▸ **Try it**: After locating the line that holds "Bottle image of HSE Hors d‘Age", copy that line and all that follow it word for word through the end of the data, with no pictures.

Dataset section section start

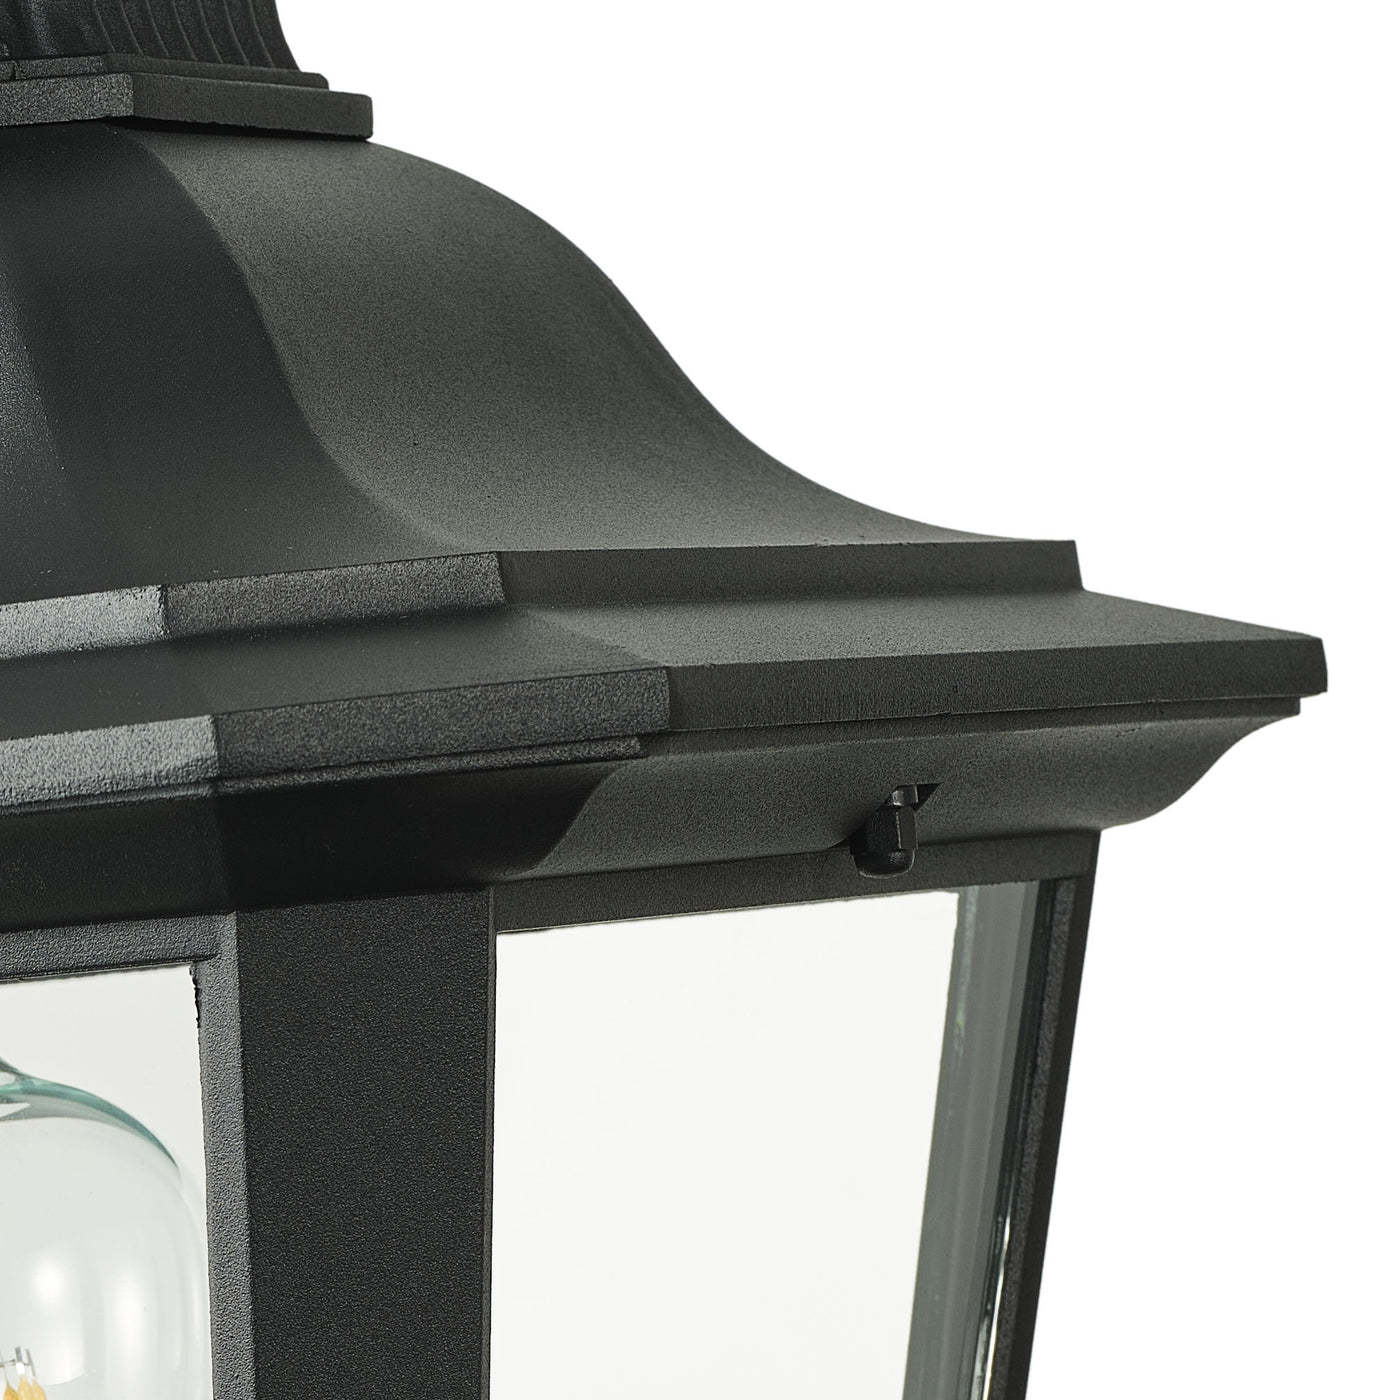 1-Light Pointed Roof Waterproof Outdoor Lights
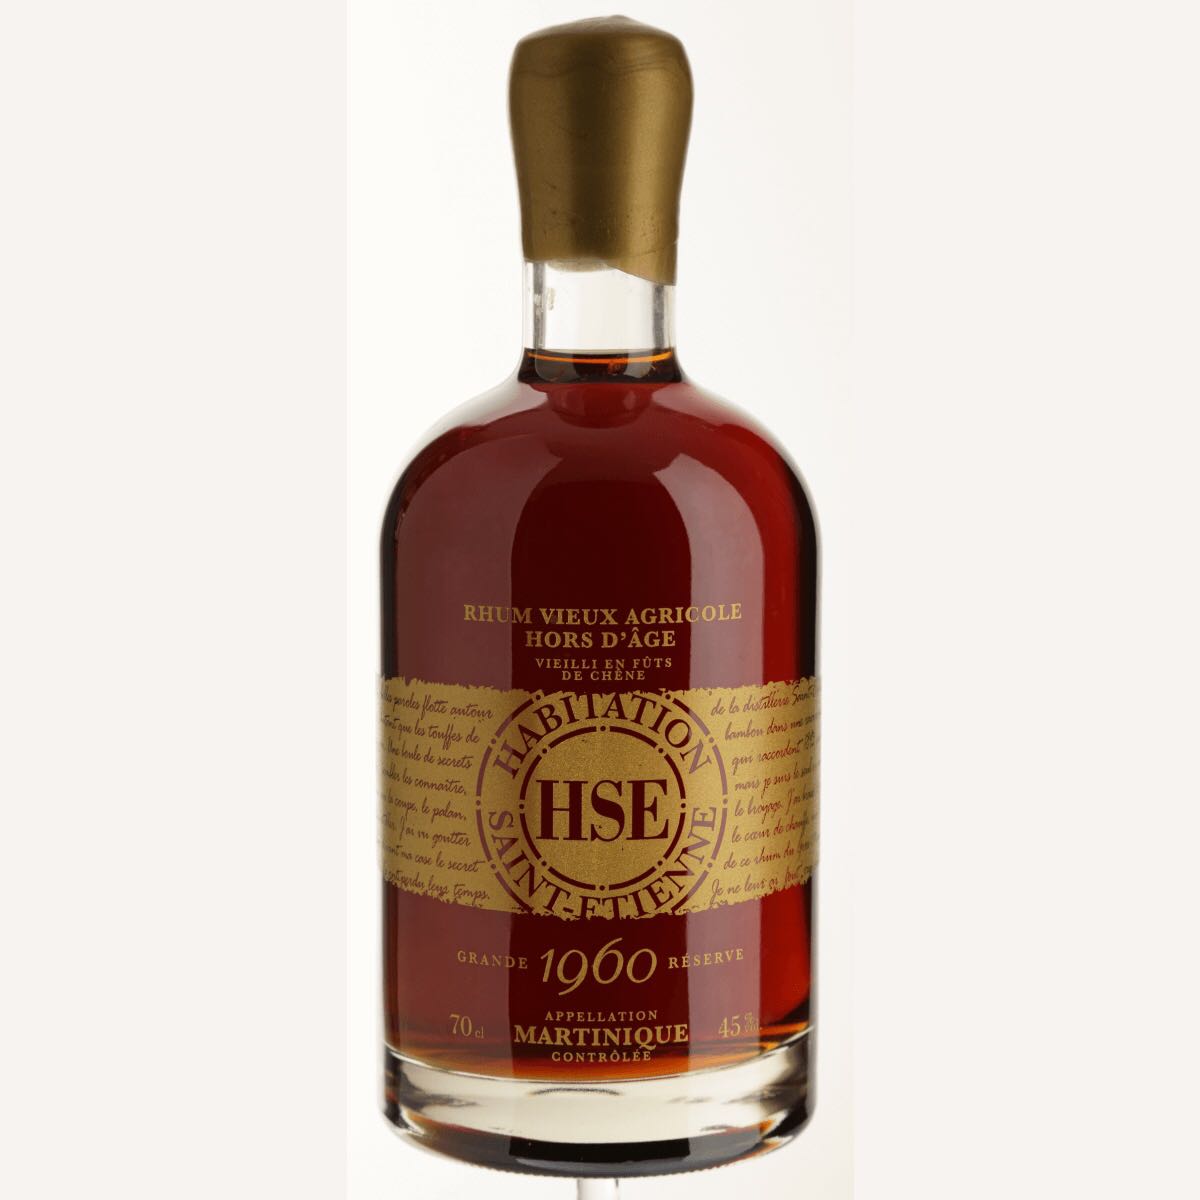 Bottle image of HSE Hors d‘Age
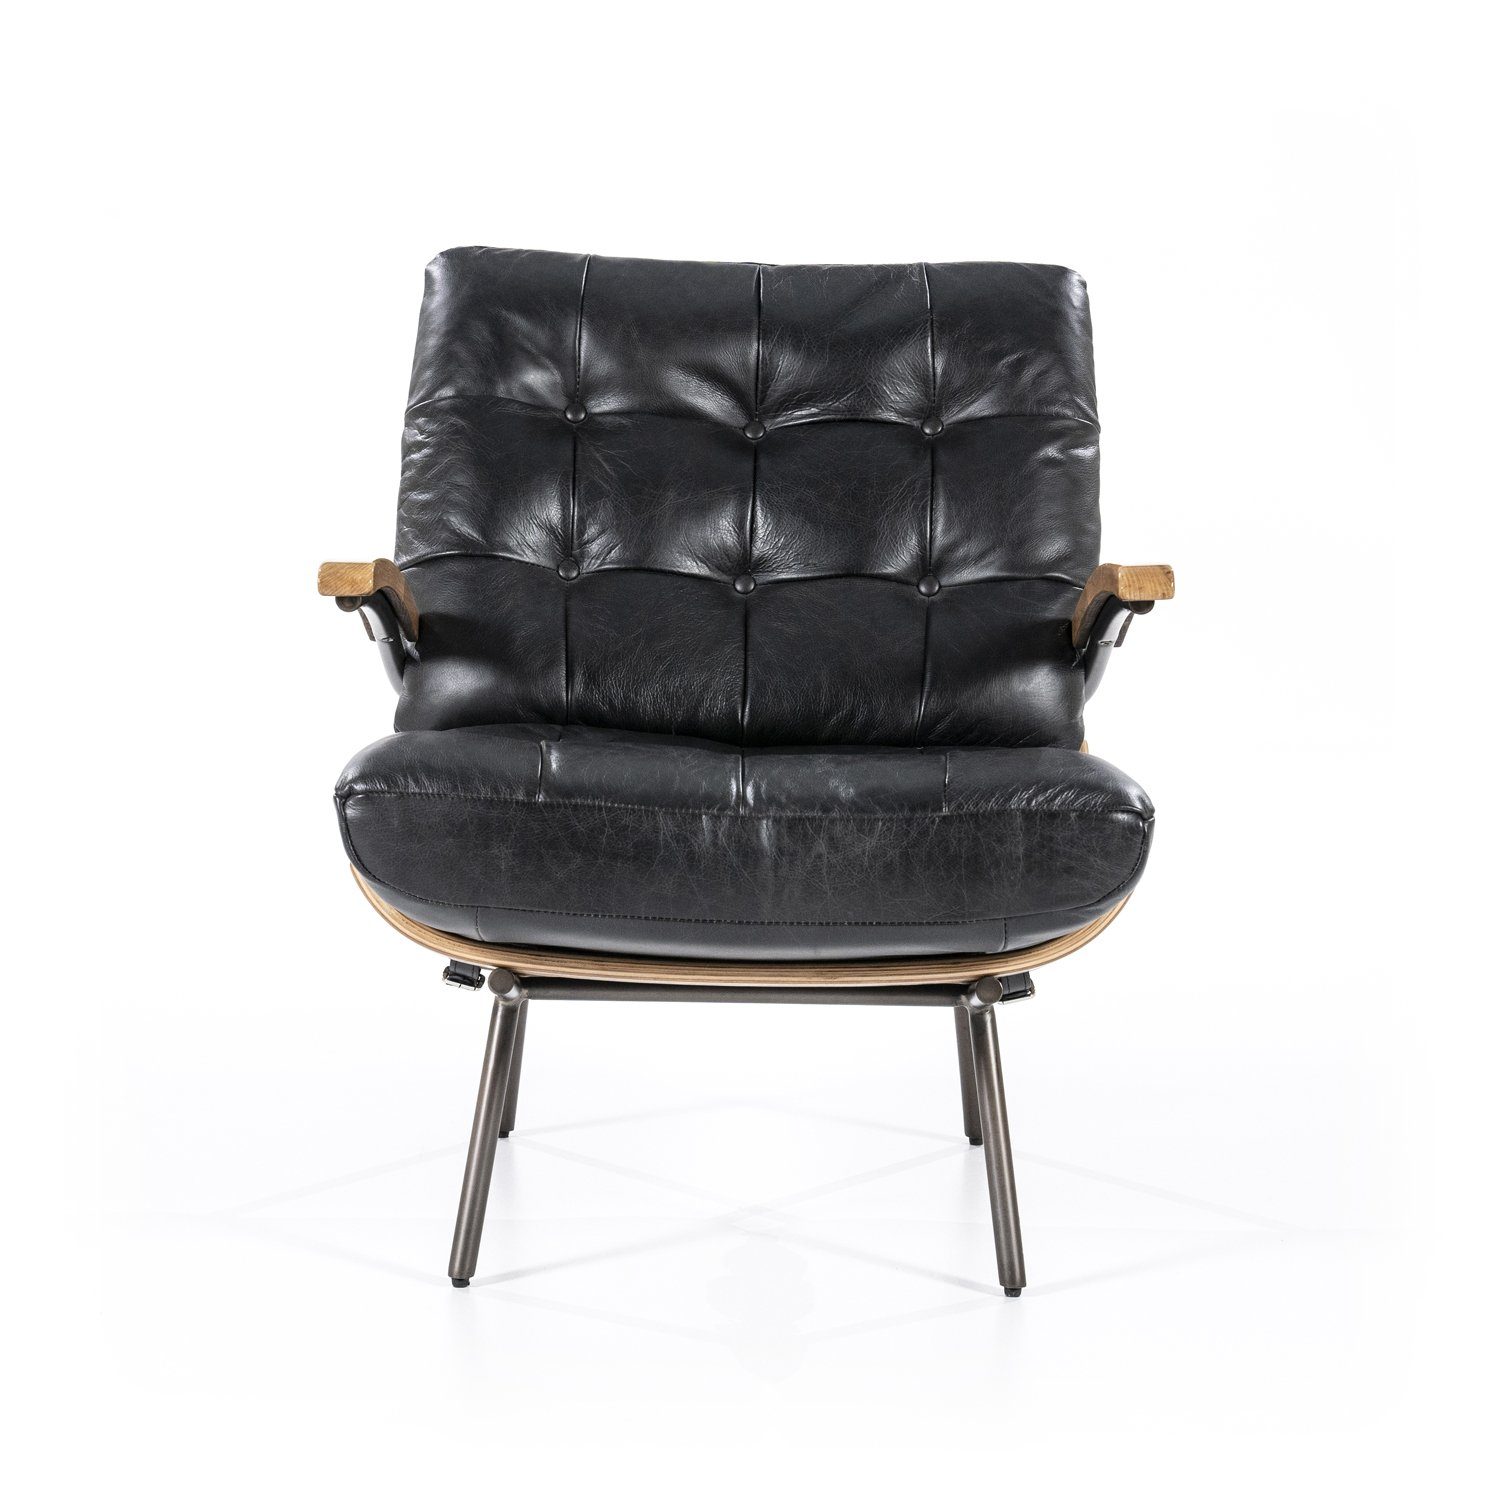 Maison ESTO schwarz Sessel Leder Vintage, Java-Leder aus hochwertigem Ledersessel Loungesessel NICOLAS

Dataset section section end

▸ **Response to the exercise**:
 Bottle image of HSE Hors d‘Age
 Maison ESTO schwarz Sessel Leder Vintage, Java-Leder aus hochwertigem Ledersessel Loungesessel NICOLAS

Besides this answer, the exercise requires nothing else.